Changed the alternator on my 4d56 engine which is in a mitsubishi shogun sport 06 - What a mission!!!
Never before has one man hated a design engineer sooo much what a rediculously awkward place to get it out of.
anyway the new alternator comes with slightly different fittings (one hose connector is almost twice as long and bent up slightly) on the rear for the oil pipes so you have to strip the bits off your old alternator to get them to fit as the fittings on the new alternator would pierce your oil filter. Not exactly onerous to do but i like to take parts out once and put them in once not do the part hokey kokey .......took the alternator out, put the alternator in, took the alternator out and moved some bits about.......put the alternator in ...you get the picture.

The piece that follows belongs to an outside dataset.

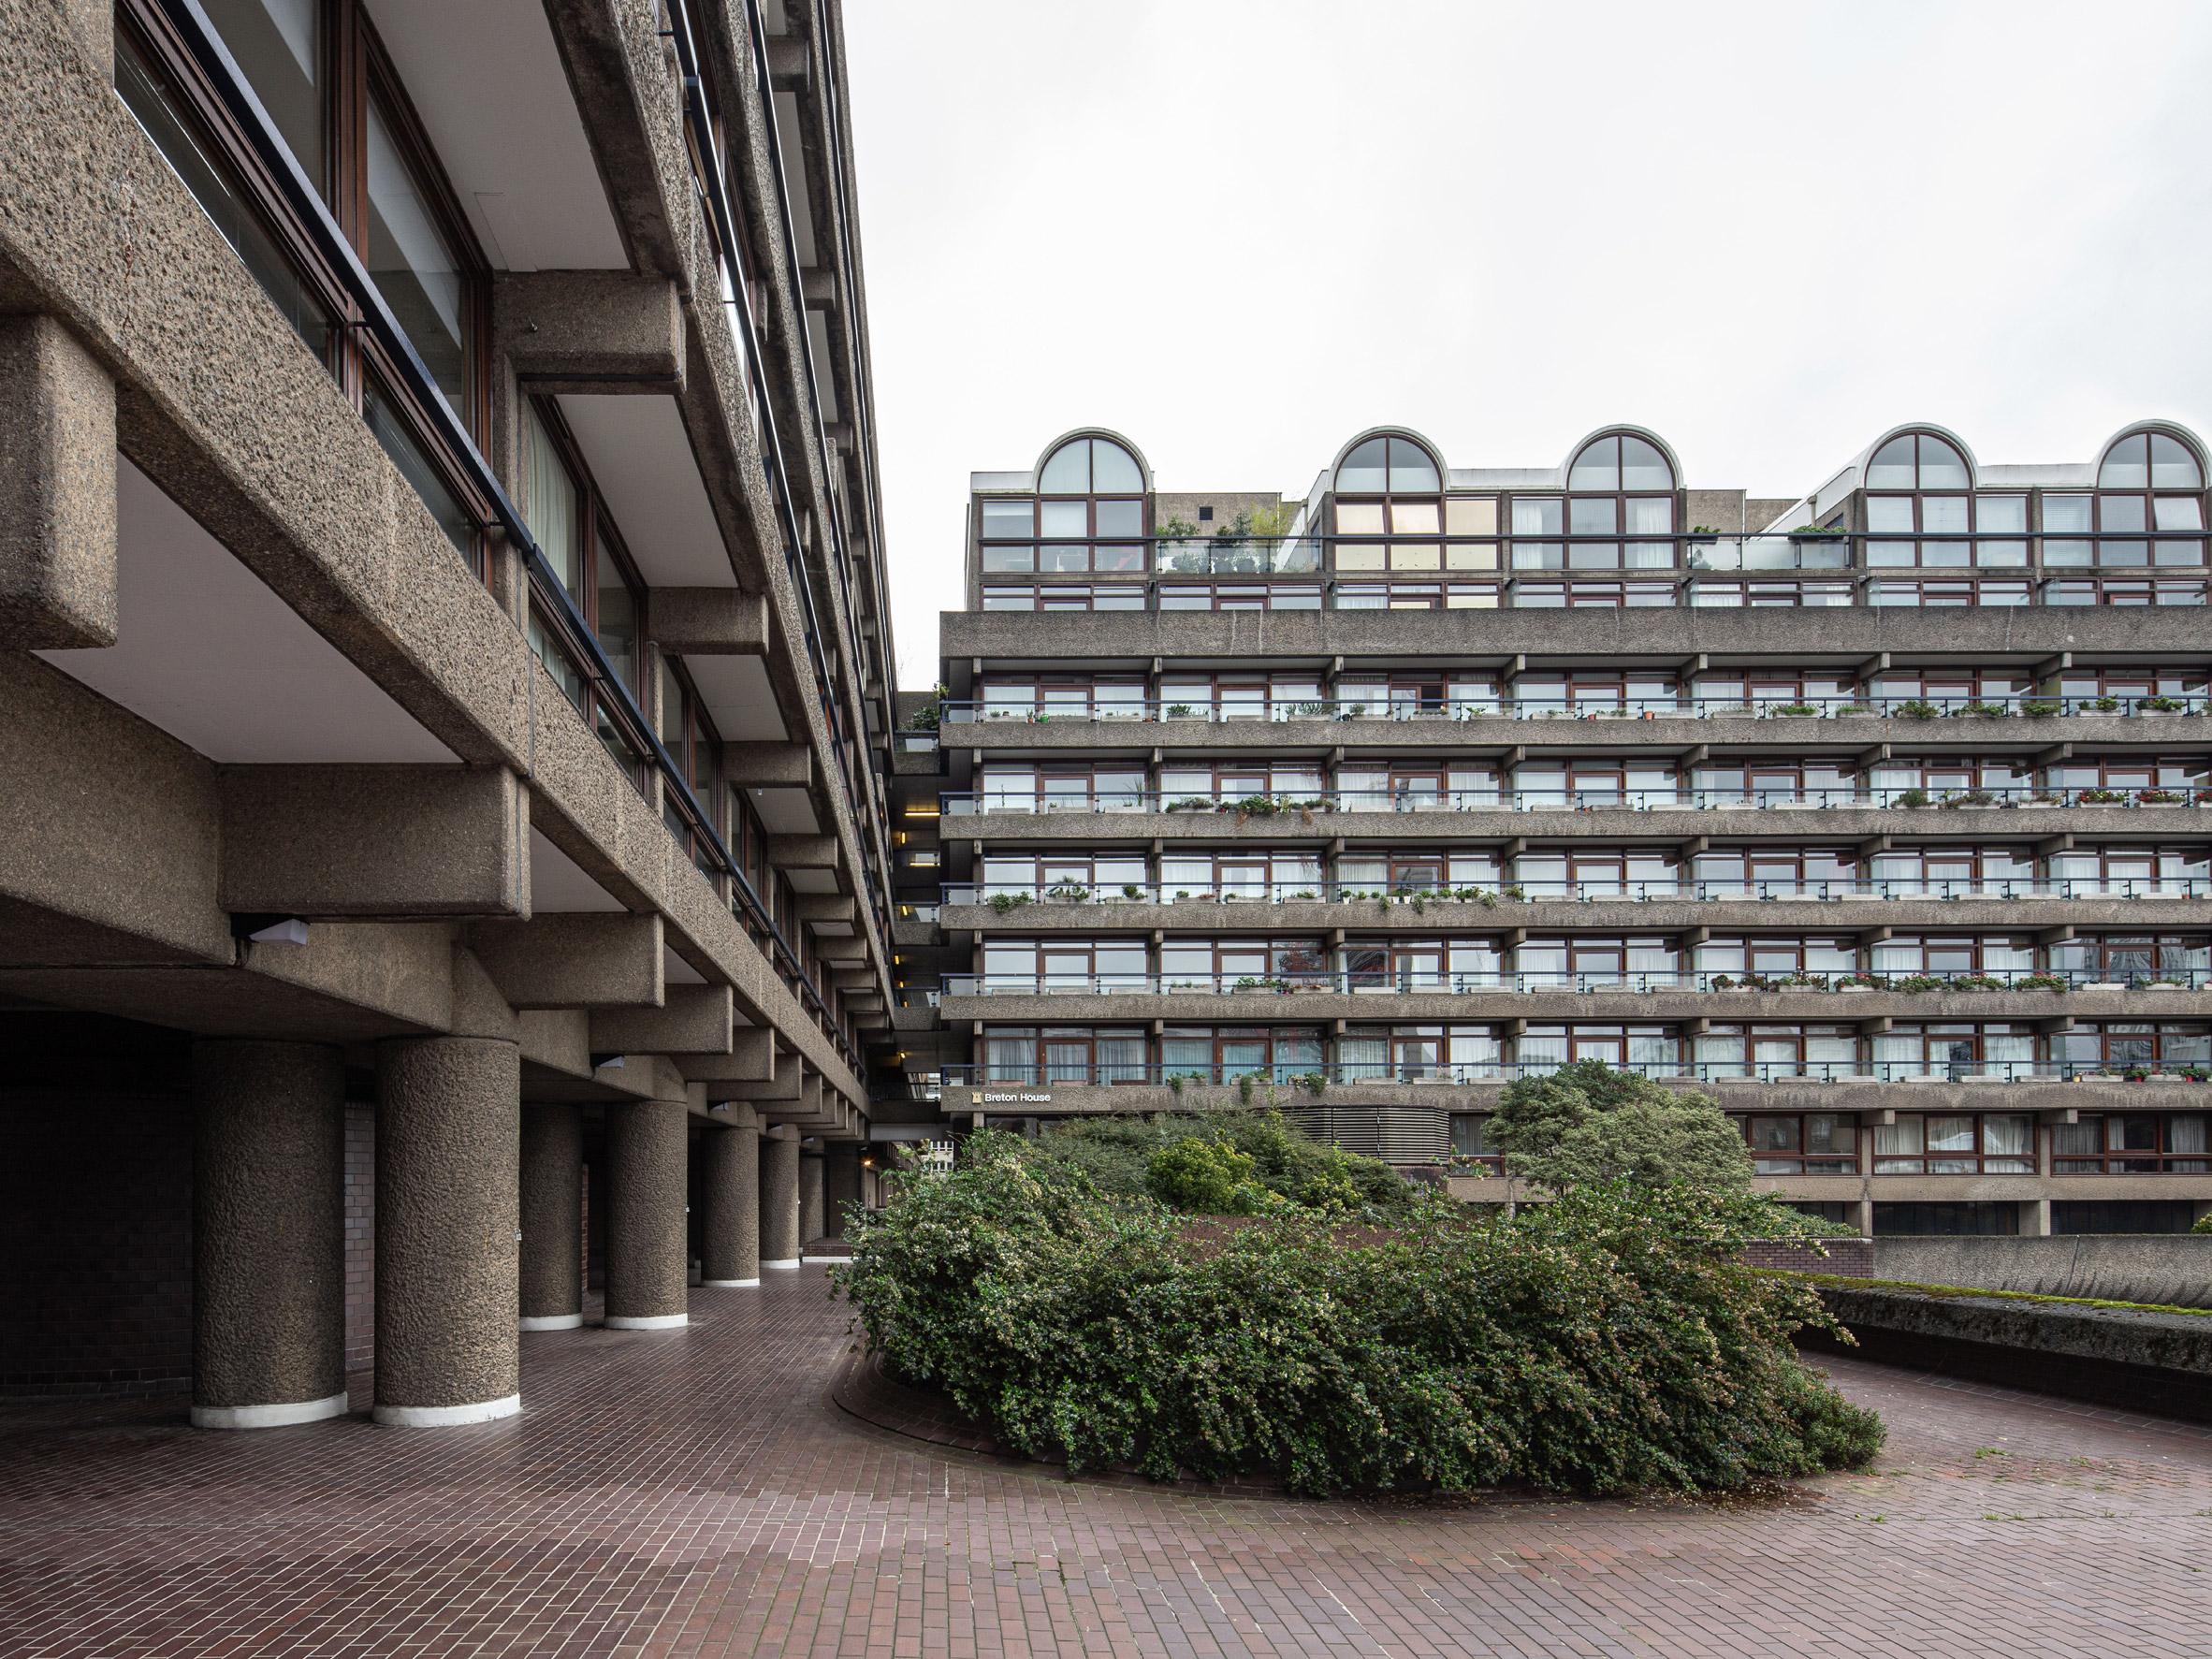 Exteriores de Barbican Estate / Handover / Intervention Architecture

but still it s in its fixed and I have a working alternator and vehicle, I am happy.
noticed there's no how to for replacing your alternator.......
cheers
M
**WARNING - The above post may contain opinions and/or unnecessary sarcasm!**
FORD FIESTA 1.0L ZETEC 2014
VAUXHALL CORSA 2013
FORD RANGER 2014 LIMITED
Posts: | 1.655 |
Date registered | 10.06.2011 |
Its a pig of a job,done it enough times to know...
FORUM AREA REPRESENTATIVE - North West England
2.8 Import,gone but not forgotten...
The Beast,never to be forgotten...
The Big Silver Beastie,soon to be reborn...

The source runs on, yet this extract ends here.